# Domain Users Can’t Use Remote Desktop to Access Domain Controller



## jaredbrown (Feb 4, 2009)

*Domain Users Can’t Use Remote Desktop to Access Domain Controller*

I have a room with (4) Windows 2003 x86_64 systems running over a LAN. The domain controller is running Active Directory, which is enforcing a global security policy. Admins are able to remote into the domain server. Domain users are not. Domain users are members of one group, the Domain Users group. Under the global policy the following is set.

DENY Network Access | Enabled | SUPPORT Allow Logon Through Terminal Services | Enabled | Domain Users Deny Logon Through Terminal Services | Disabled

The Remote Desktop Users group has been removed.
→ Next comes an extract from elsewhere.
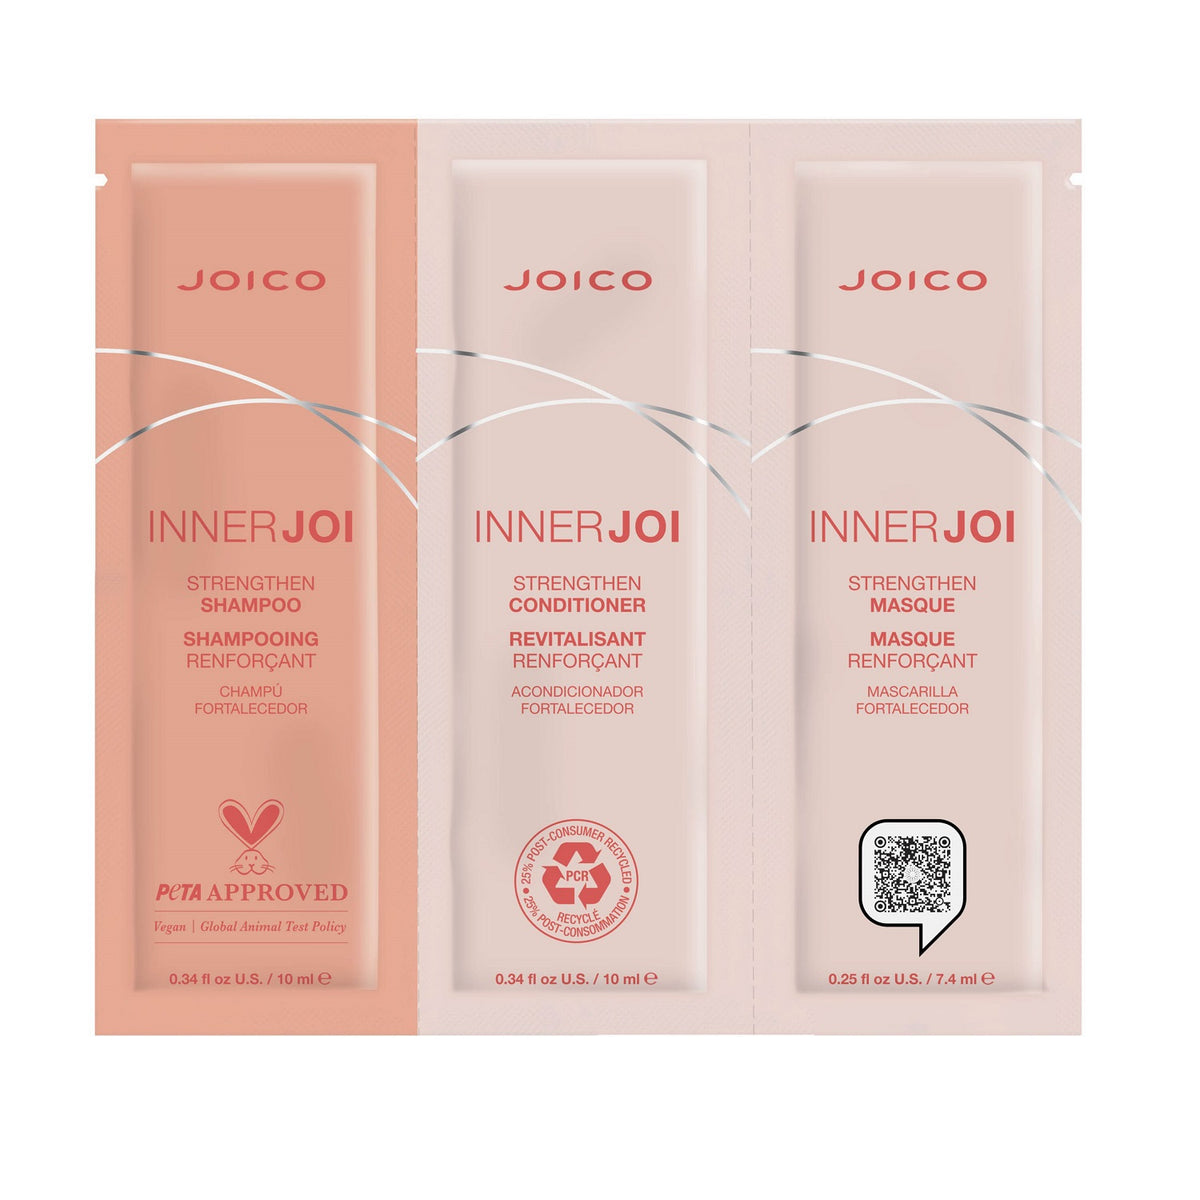 Joico InnerJoi Strengthen Trio Haarpflegeset Shampoo 10 ml + Conditioner 10 ml + Masque  7.4 ml
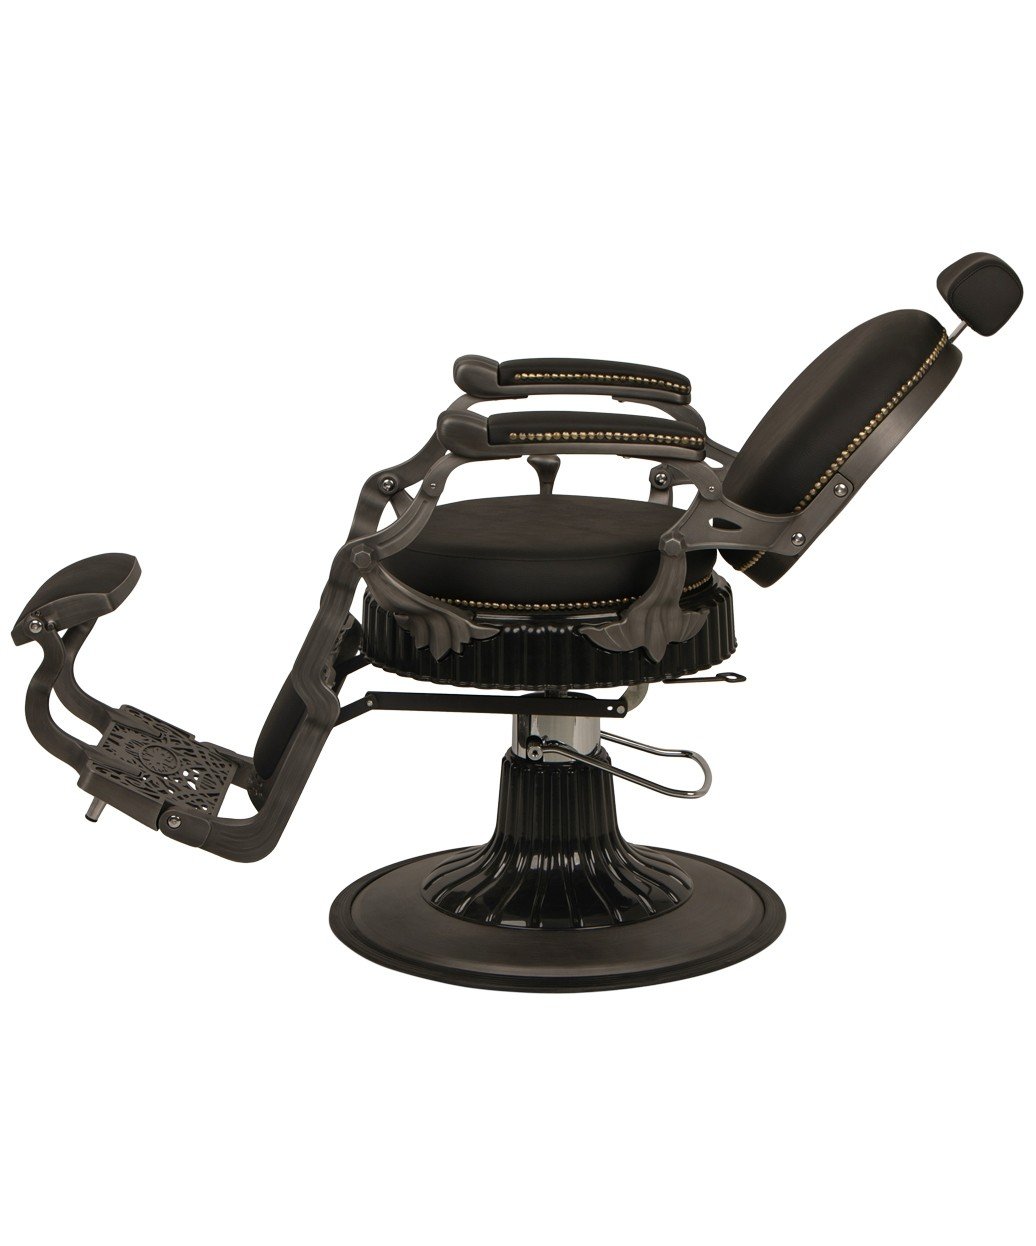 Regal Professional Barber Chair

When users attempt to log in over Remote Desktop they are given the obligatory error message stating that they need to be a member of the Remote Desktop Users group or have the Allow Logon Through Terminal Services setting.

Considering that this setting is enabled for their group, any thoughts on what could be preventing this access?


----------



## bilbus (Aug 29, 2006)

*Re: Domain Users Can’t Use Remote Desktop to Access Domain Controller*

Well, first off why you want users remoting into a DC?

this is disabled by default. Domain controlers dont have "remote desktop users"

you need to goto securtiy policy and add domain users to "longin via termial services" and perhaps "allow login localy"

If you add users to "domain remote desktop users" (or something like that) they will be able to rdp into any computer on the network.


----------